Rebecca G. Baker, Ph.D., is the director of the NIH HEAL Initiative®Read more about Dr. Baker.

Dear HEAL Community,

The NIH HEAL Initiative is using science to solve the enormous and connected problems of opioid misuse, addiction, and untreated pain. We’ve put many minds to the task and actively promote collaborations of all types. In our second year of funding, hundreds of projects are underway to better understand pain and addiction so we can intervene in new ways. But it is equally important to take stock of what we know works – and how we can help communities across America use these effective strategies.

One way to do that is to showcase and learn from success. We can see it in the powerful stories of the estimated 25 million U.S. adults pdf  482 bytes who are currently in recovery from substance use disorders. How did they do it? Can they draw on their experience to help others? We know that support from those with lived experience – interacting with someone who knows first-hand what addiction feels like and how it can change with treatment – can be an important link to recovery.

We can also ask people what they think about how to ensure that results from scientific studies actually work in real life. The groundbreaking HEALing Communities Study – the largest study of its kind in addiction science – is doing just that. It is bringing the fruits of past research on reducing opioid-related deaths to individuals and families in 67 diverse communities in four states hit hardest by the opioid epidemic. The immediate goal is to reduce opioid overdose deaths in Kentucky, Massachusetts, New York, and Ohio by 40% in three years.

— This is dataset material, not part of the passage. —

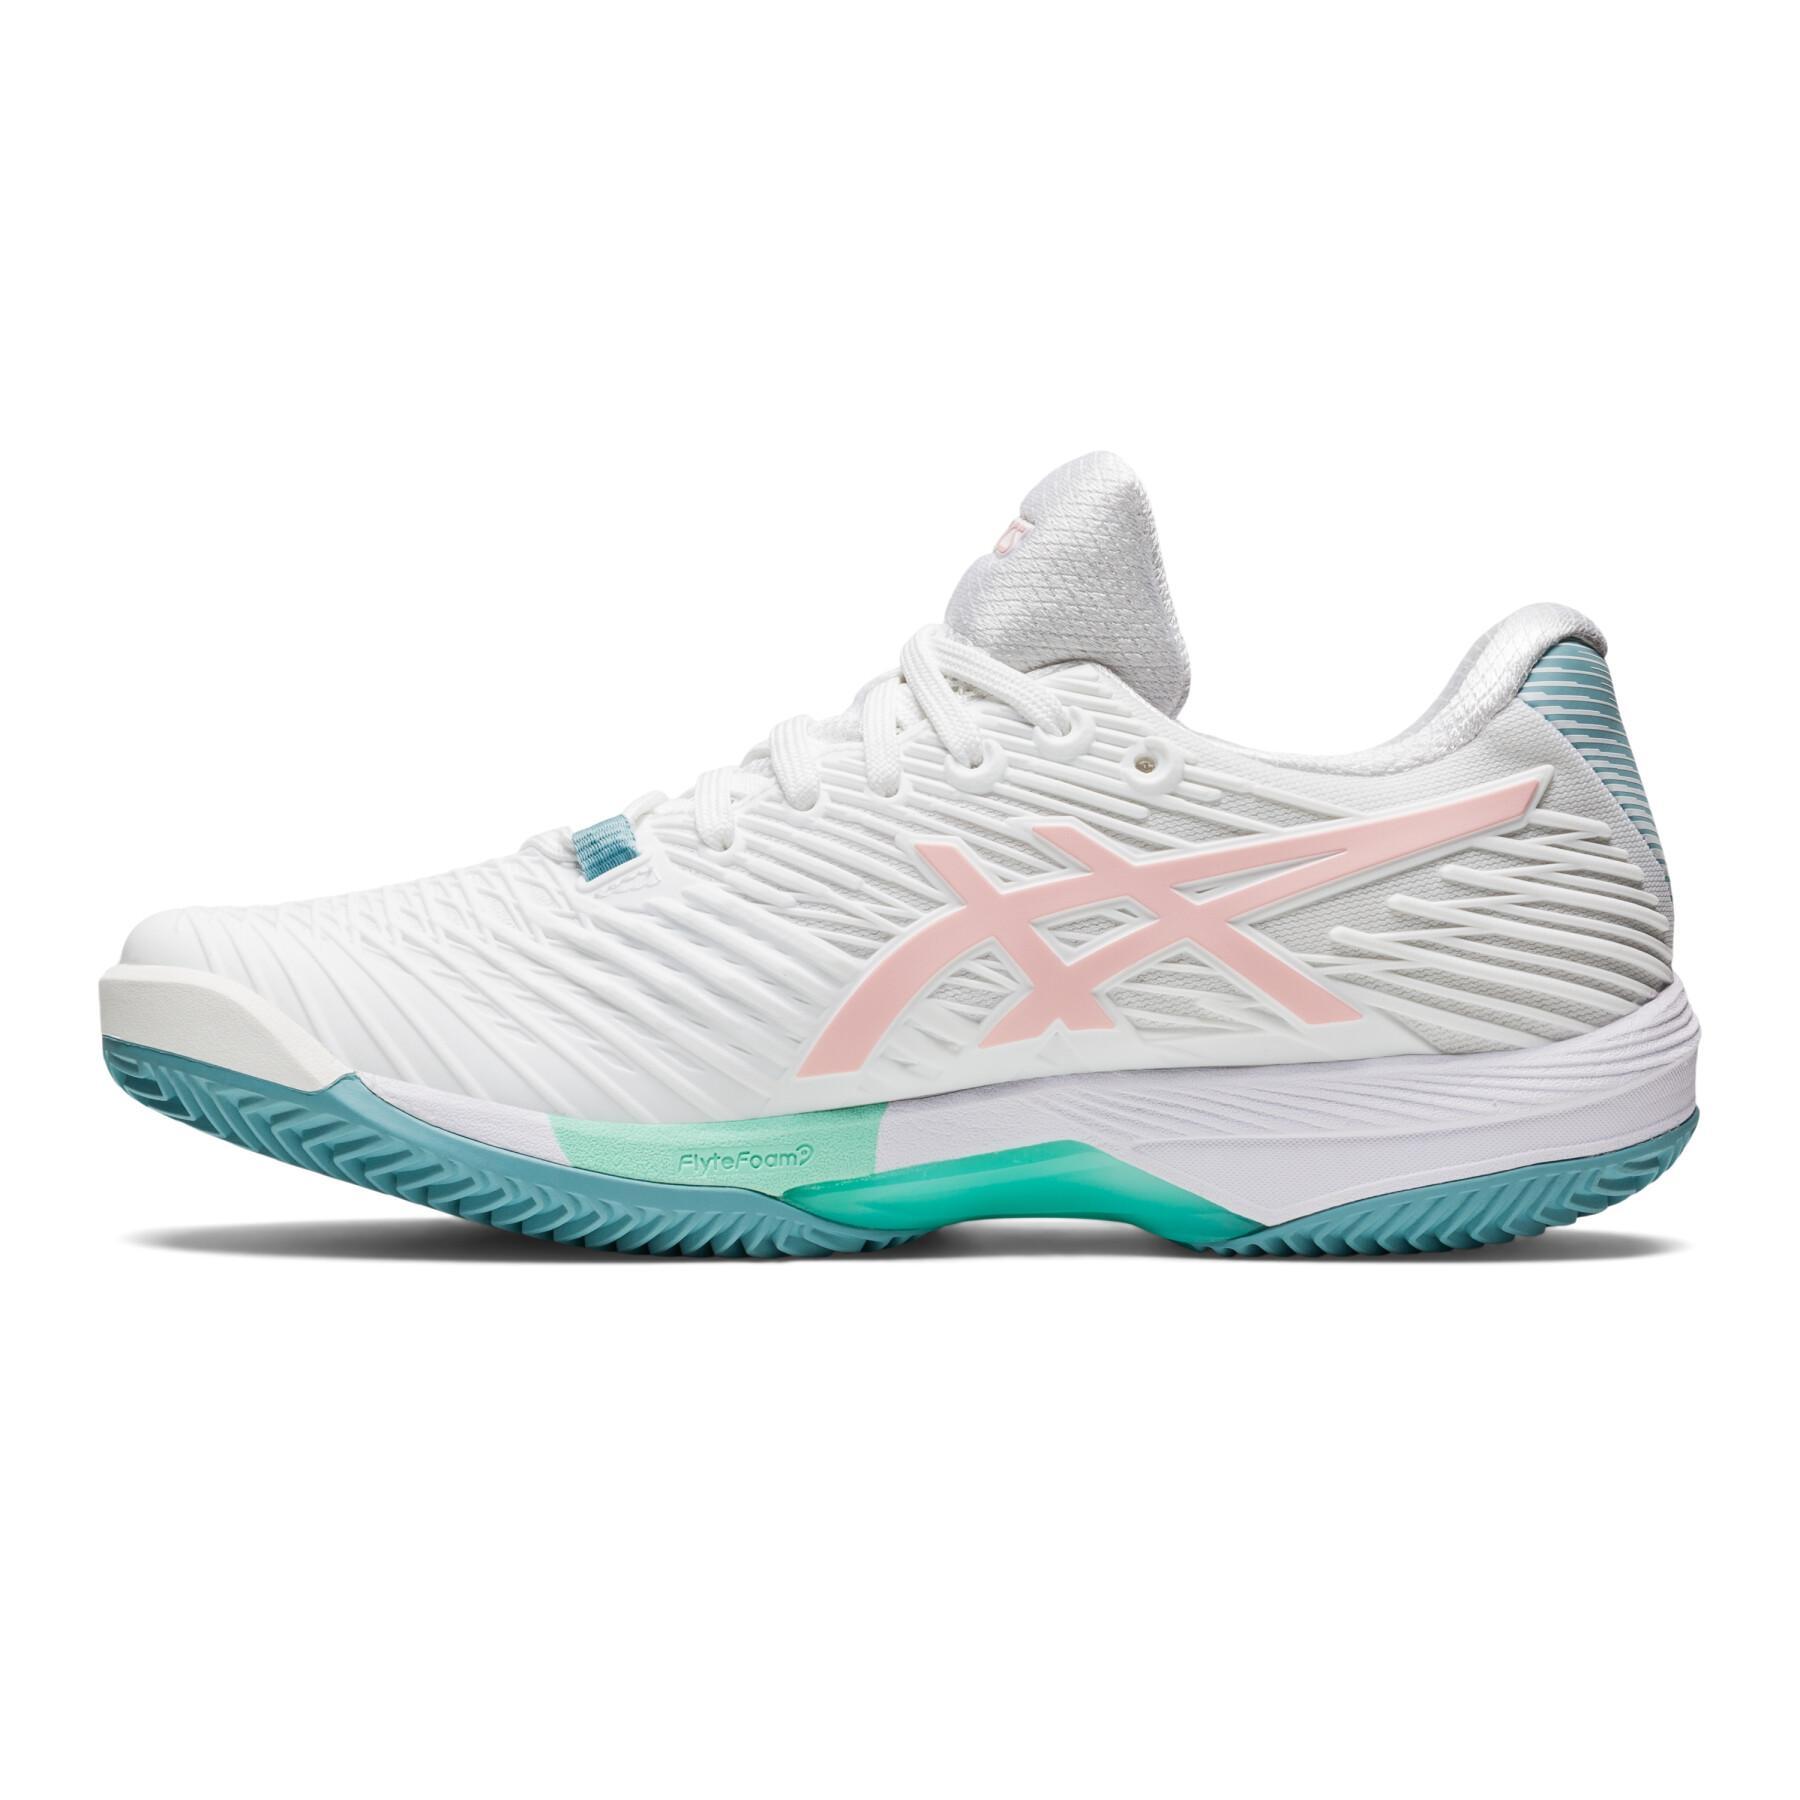 Women's tennis shoes Asics Solution speed FF 2 clay

A significant investment of money and time, this research is also different from most of the research NIH funds. The HEALing Communities Study is powered by people in towns and counties who decide how to put into place solutions fitted for their unique surroundings. Health providers, people in recovery, emergency medical technicians, judges, and other community members team up with researchers to employ one or more each of several research-backed practices: education about naloxone and overdose, medications to treat opioid use disorder, and safer prescribing and use of opioids.

A spread-out community in rural Appalachia might opt for mobile vans to distribute naloxone and buprenorphine, telehealth services to treat opioid use disorder, and first-responder training on reversing overdose. A dense urban community in Massachusetts or New York may instead consider stocking homeless shelters, jails, and prisons with naloxone and creating bridge clinics that link people who have overdosed on opioids, and recovered, to treatment right away. There are dozens of evidence-based options for communities to package together to save the lives of family, friends, and neighbors.

The underlying goal of this research is sustainability: After each set of practices is chosen, we’ll measure if and how well community-chosen sets of strategies work. Essentially, we’re trying to build healing teams on the ground to tackle the opioid crisis locally. Successful strategies can be copied rapidly by communities with similar characteristics in other states.

The specter of COVID-19 has cast a dark shadow on many HEAL stakeholders battling pain and addiction, and overdose deaths have risen as people were forced into social isolation – finding it difficult to cope and get access to the treatment they need to stay off drugs. And it will probably make it hard for this research to attain its ambitious goal of 40% reduced deaths.

Yet, I have been amazed to see so much diligence and compassion emerge in the face of pandemic-fueled uncertainty: virtual naloxone training, take-home methadone, mobile apps connecting people who have overdosed to peer coaches, and numerous impromptu video calls between researchers and community members.

Community healing is needed more than ever. Stay safe, lend a hand to someone struggling, and let’s remember how important strong community is when our nation is under stress.